Amazingly, some Americans living today were born when the last veteran of the War of 1812 was still alive. In 1905, a grand parade was held to celebrate the life of Hiram Silas Cronk, who died on April 29, two weeks after his 105th birthday.

Cronk “cast his first vote for Andrew Jackson and his last for Grover Cleveland,” according to a newspaper account from 1901.

After nearly a century of obscurity as a farmer in New York State, he became something of a celebrity the closer he came to dying.
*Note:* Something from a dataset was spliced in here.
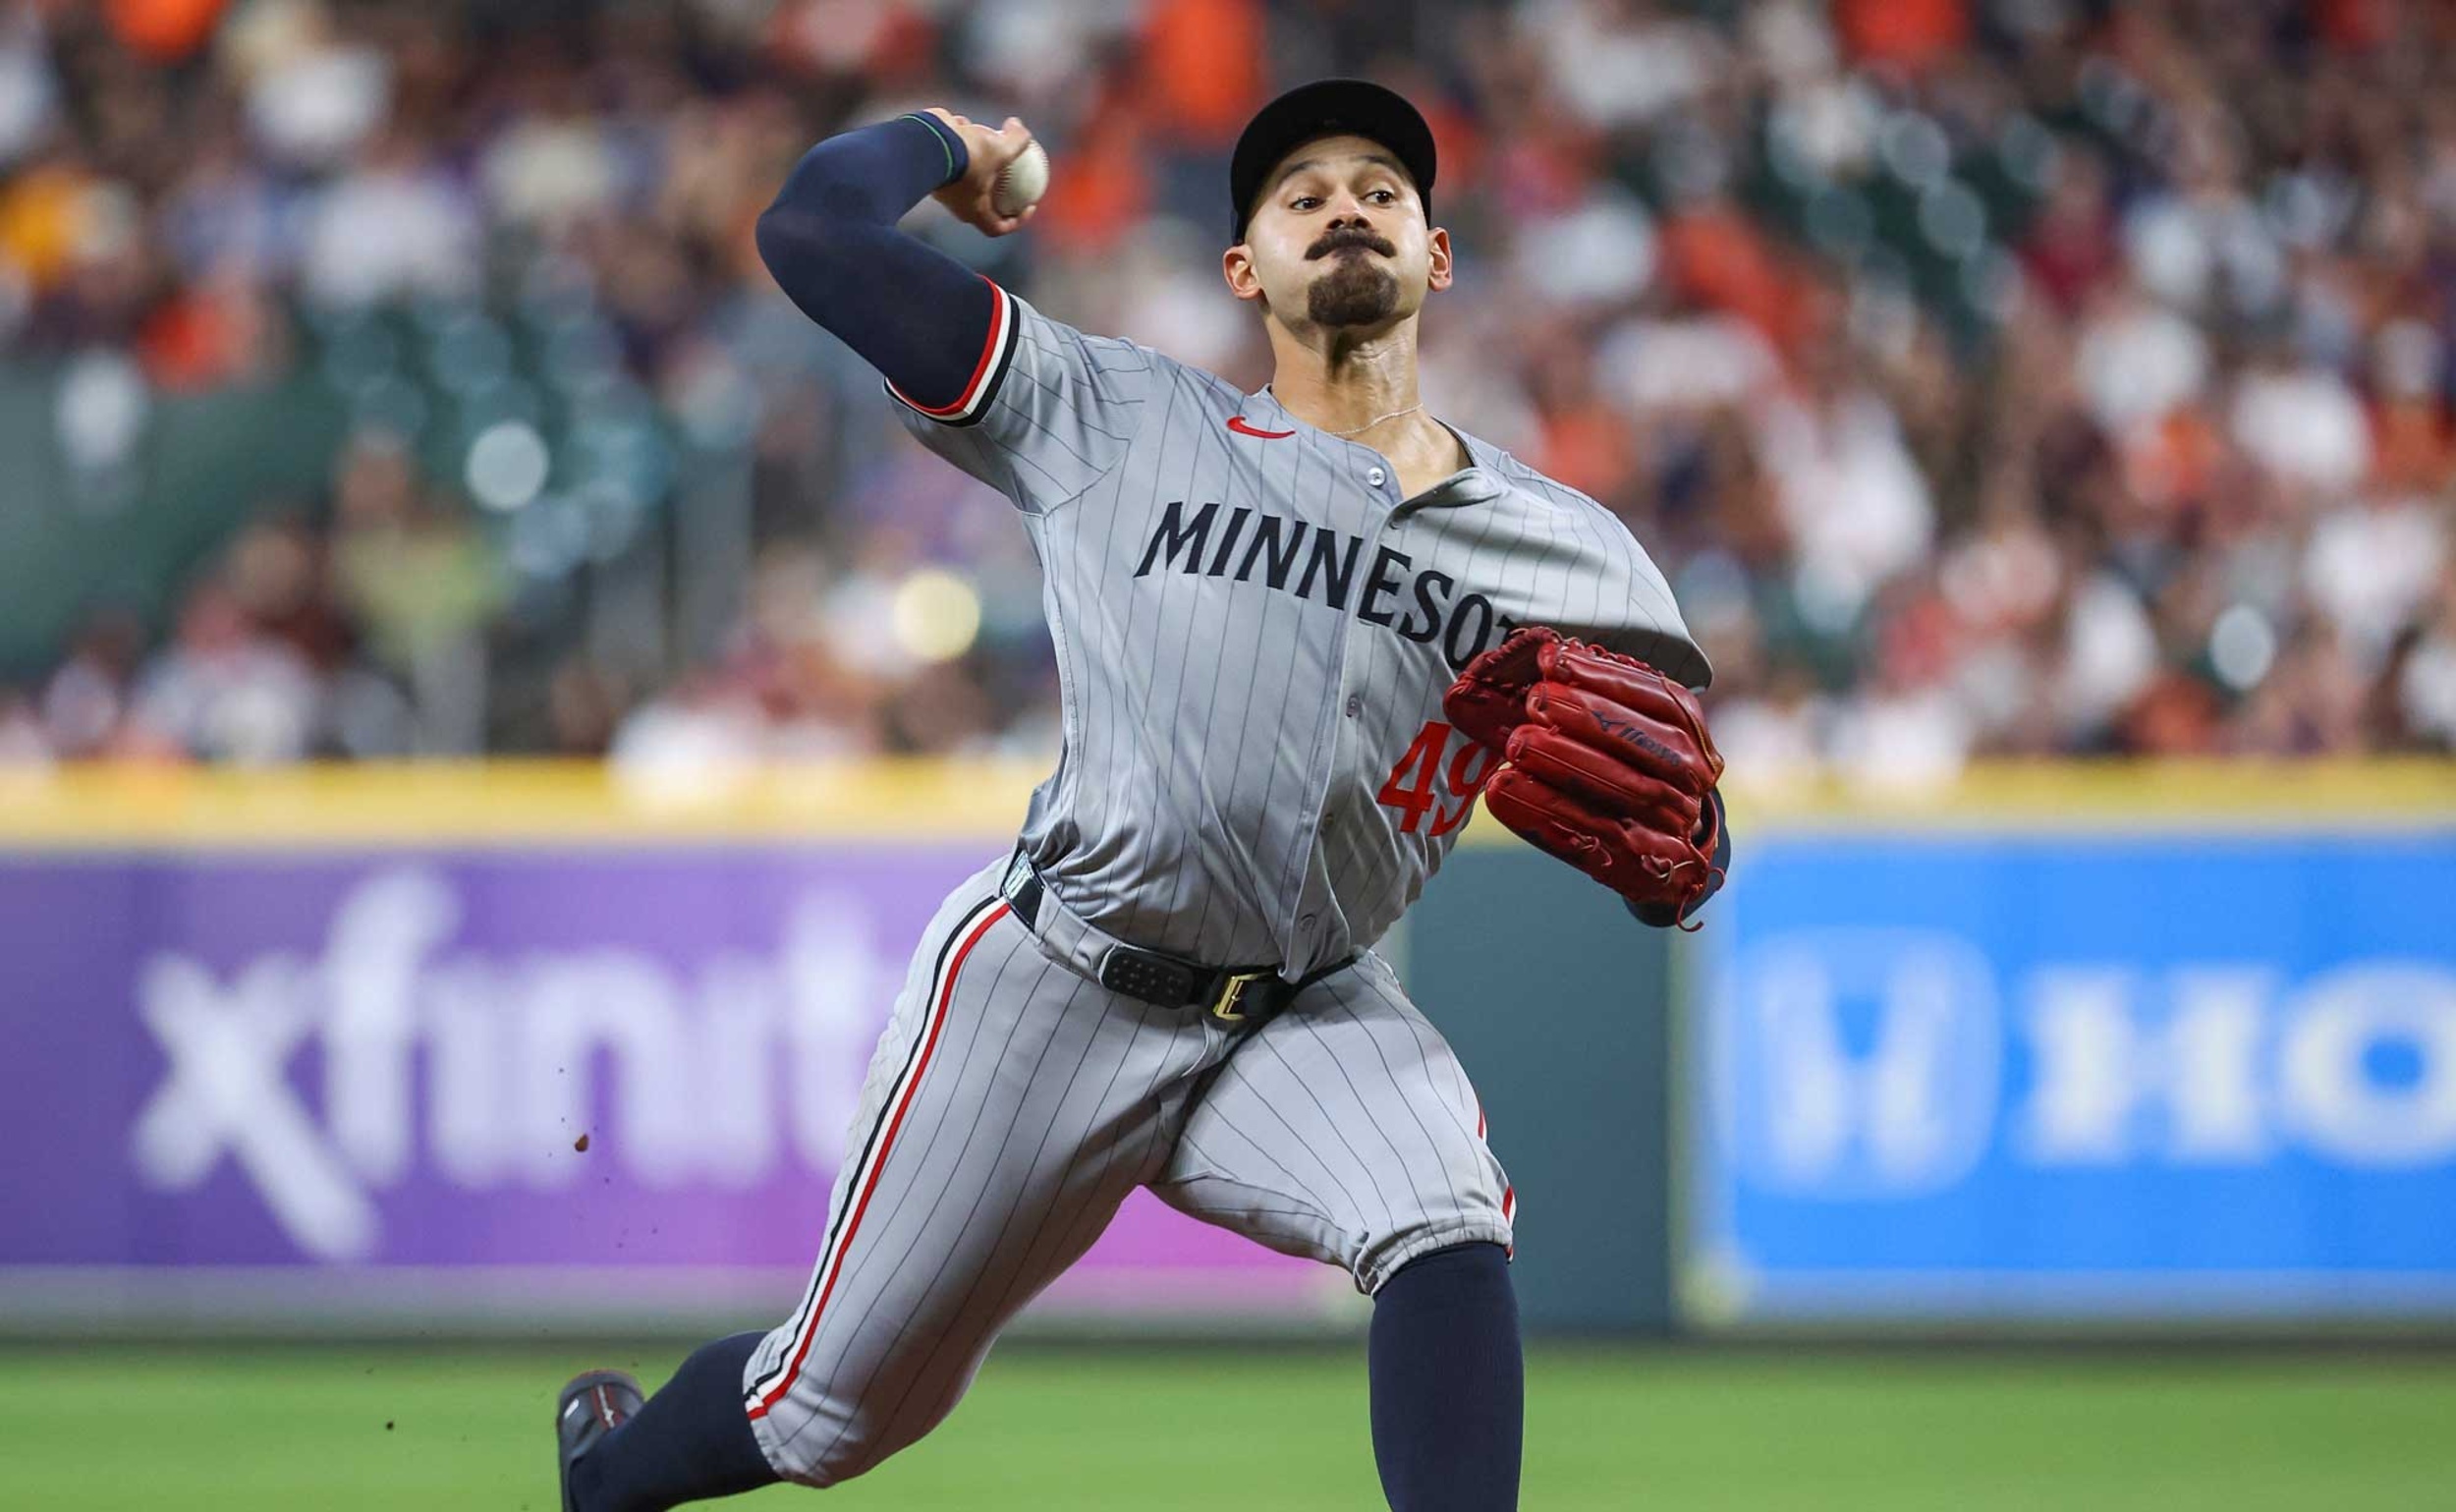 <p>Lopez emerged as an ace for the Twins last season, going 11-8 with a 3.66 ERA in 32 starts. His start to this season isn't going as well, with a 5.45 ERA over 13 starts. The good news is that his excellent command has held, so there are signs Lopez will get back on track.</p><p>You may also like: <a href='https://www.yardbarker.com/mlb/articles/the_most_overpaid_underpaid_players_at_every_mlb_position/s1__40036063'>The most overpaid & underpaid players at every MLB position</a></p>

Stories about his life filled newspaper columns, and the New York City Board of Aldermen began planning Cronk’s funeral months before he died.

When he did, they marked the event with due ceremony. “As the funeral cortege moved from the Grand Central Station to the City Hall it afforded an imposing and unusual spectacle,” reported the Evening Press of Grand Rapids, Michigan. “Led by a police escort of mounted officers, a detachment from the United States regular Army, the Society of 1812 and the Old Guard in uniform, came the hearse bearing the old warrior’s body. Around it, in hollow square formation, marched the members of the U.S. Grant Post, G.A.R. Then followed the Washington Continental Guard from Washington, D.C., the Army and Navy Union, and carriages with members of the Cronk family. Carriages with Mayor McClellan and members of the city government brought up the rear.”